Меня навестил Зоси, по-прежнему с перевязанным носом. Я всегда восхищался его длинным и гордым носом. Красно-черная кольчуга болталась на костях. Он почти ничего не ел.
– Я день и ночь молюсь за твое здоровье, молюсь и за душу Орво.
Он выпрямился и посмотрел на меня, как пес после выволочки. Возможно, он винил себя.
Я сел в постели.
– Жизнь и смерть, хворь и здоровье – все определяет Архангел с небес. Они призваны испытать нашу волю, наш характер и веру.
– Когда умерла моя сестра, я говорил себе то же самое.

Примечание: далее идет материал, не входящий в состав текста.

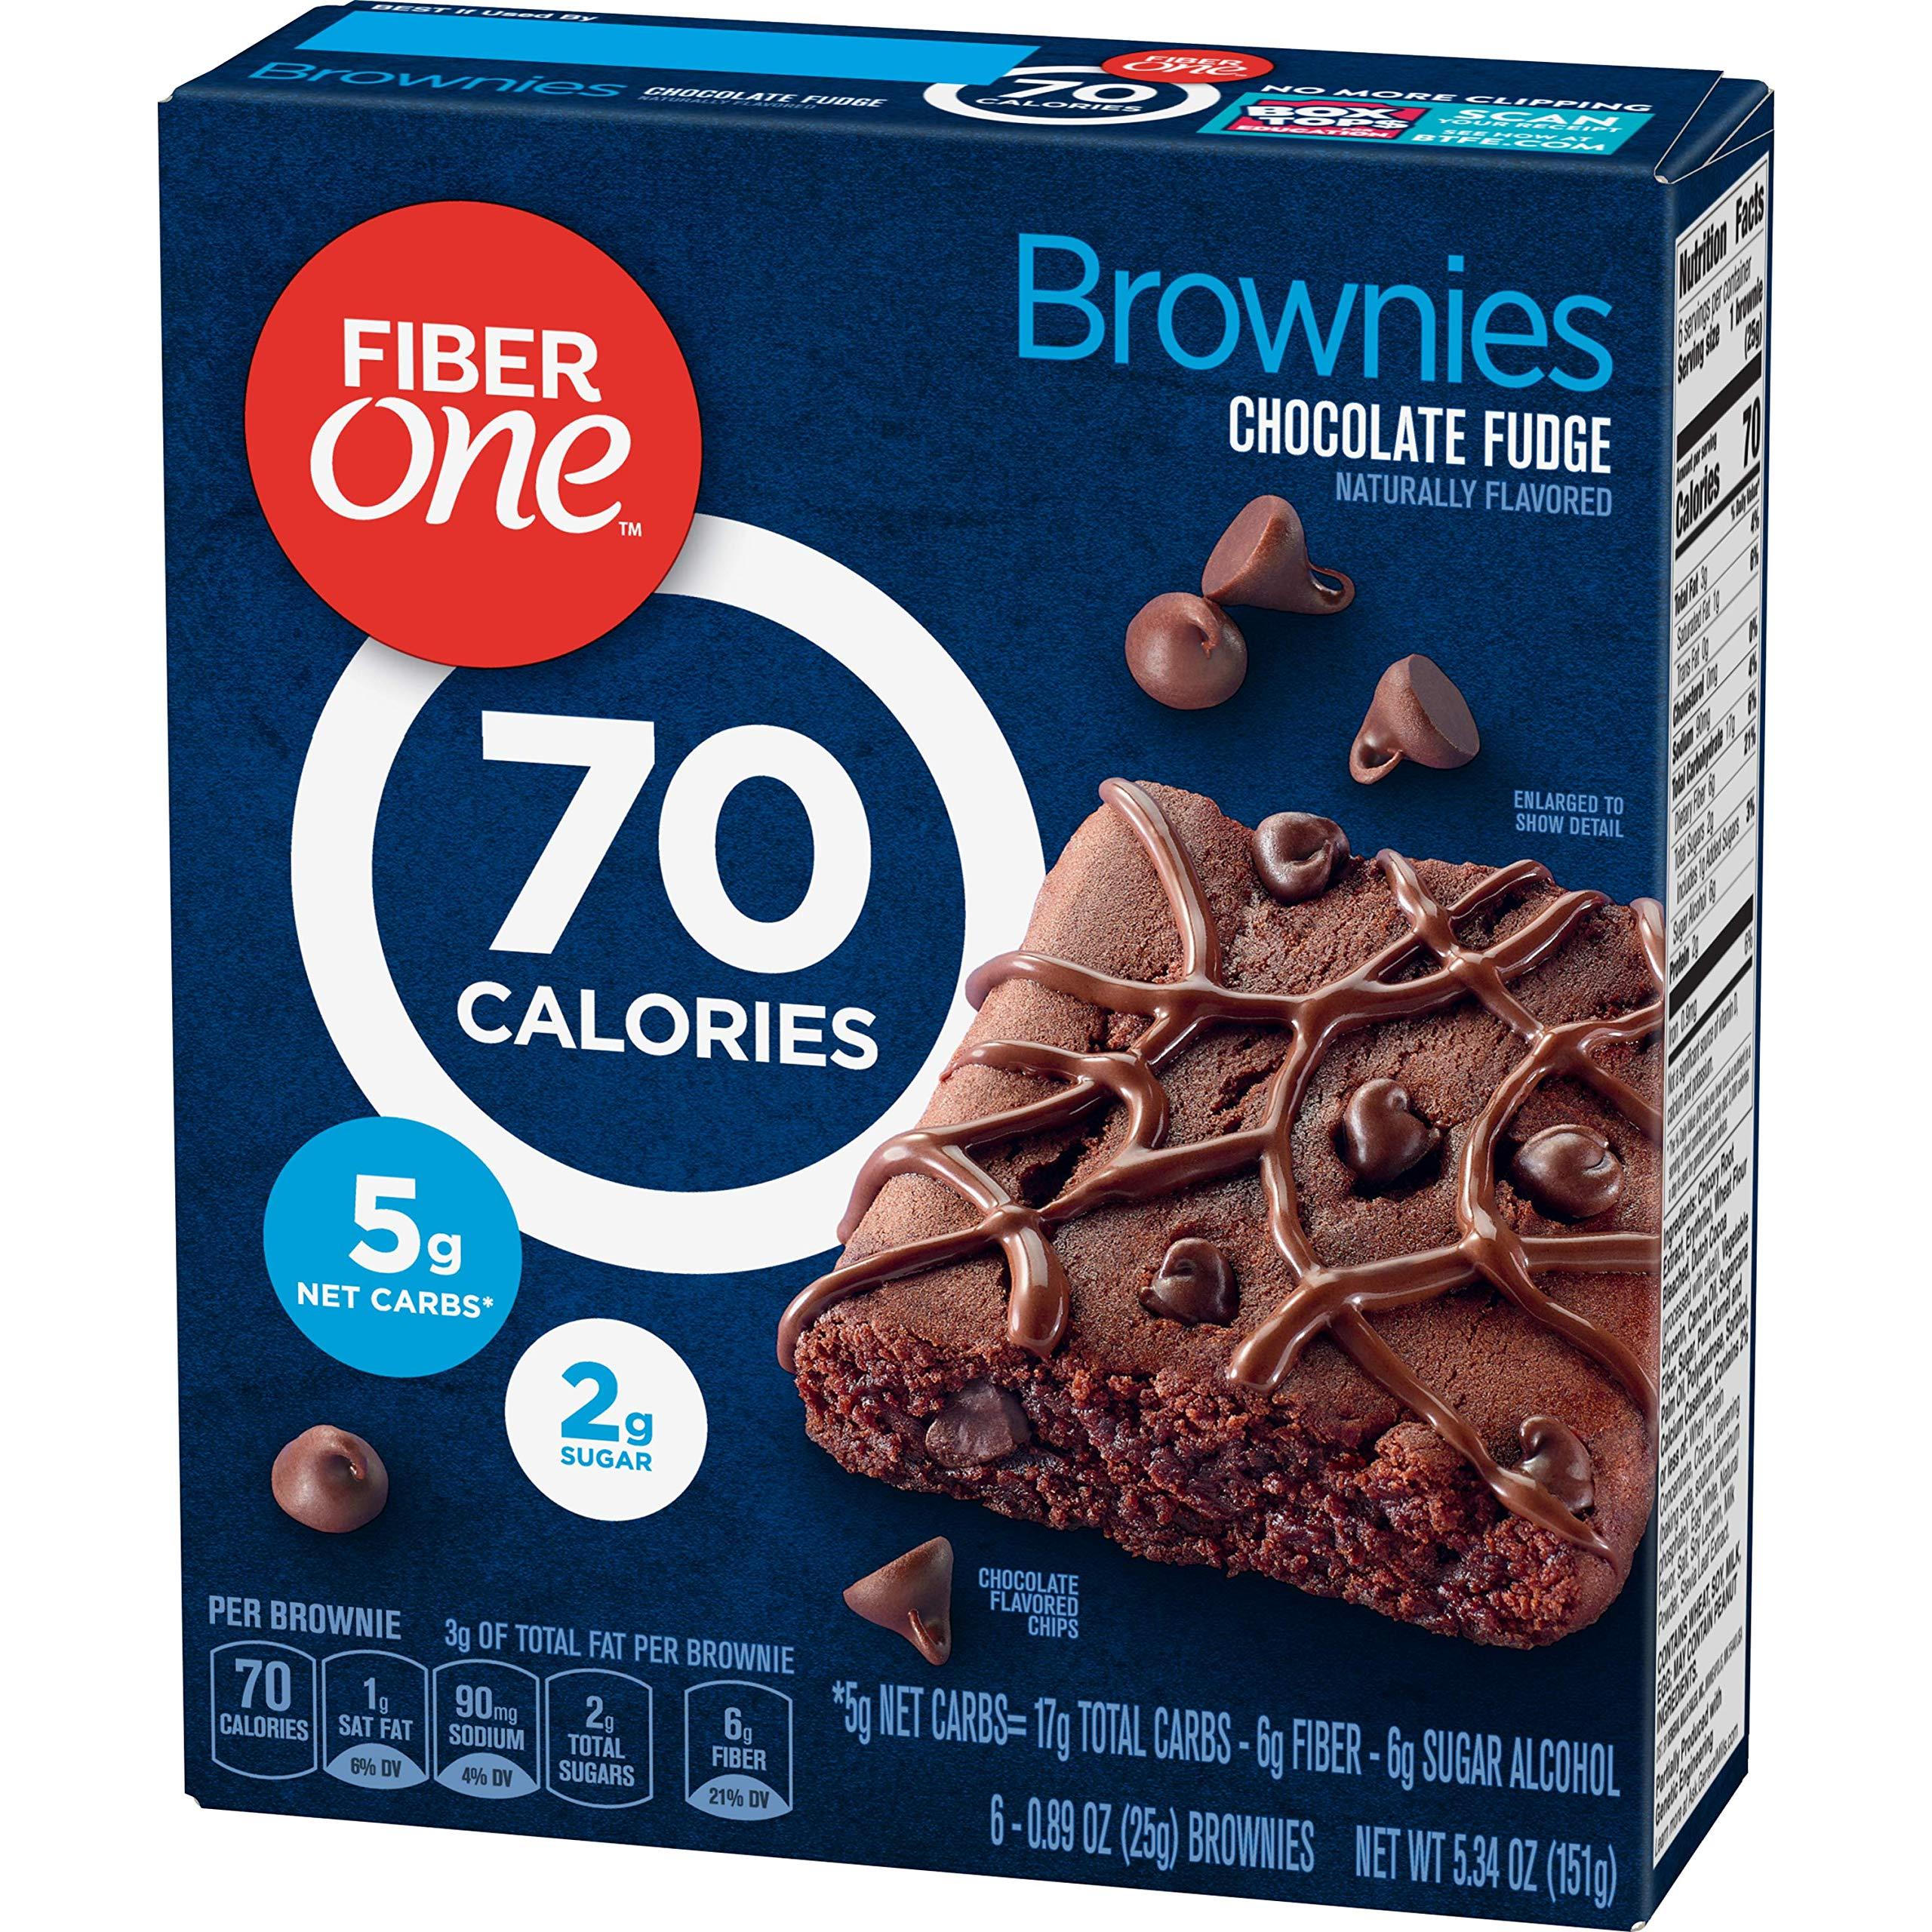 Fiber One Brownies, 70 Calorie Bar, 5 Net Carbs, Snacks, Chocolate Fudge, 6ct by Fiber One

– Алма была чистой душой. И хорошей женой. После ее смерти я ничего не ел шесть дней. Но испытания, которые посылает нам Архангел, всегда возвращают нас к вере. Все лишения несут и благодать.
Зоси понурился. Он нервно сглотнул и спросил:
– И какую же благодать принесла тебе ее смерть?
Я задумался над его вопросом. Зоси глубоко мыслил, и, чтобы соответствовать ему, я должен был говорить сердцем.
– Странно, но ее смерть научила меня справляться с гневом. Раньше я винил в постигших меня бедствиях зло. Зло неверующих. Зло греха. Но разве болезнь – это зло? Разве оспа, унесшая ее жизнь, сделала это со злым умыслом? Бедствия порождаются не злом, а милосердием Архангела. Ибо, перенося их, мы заслуживаем место в раю.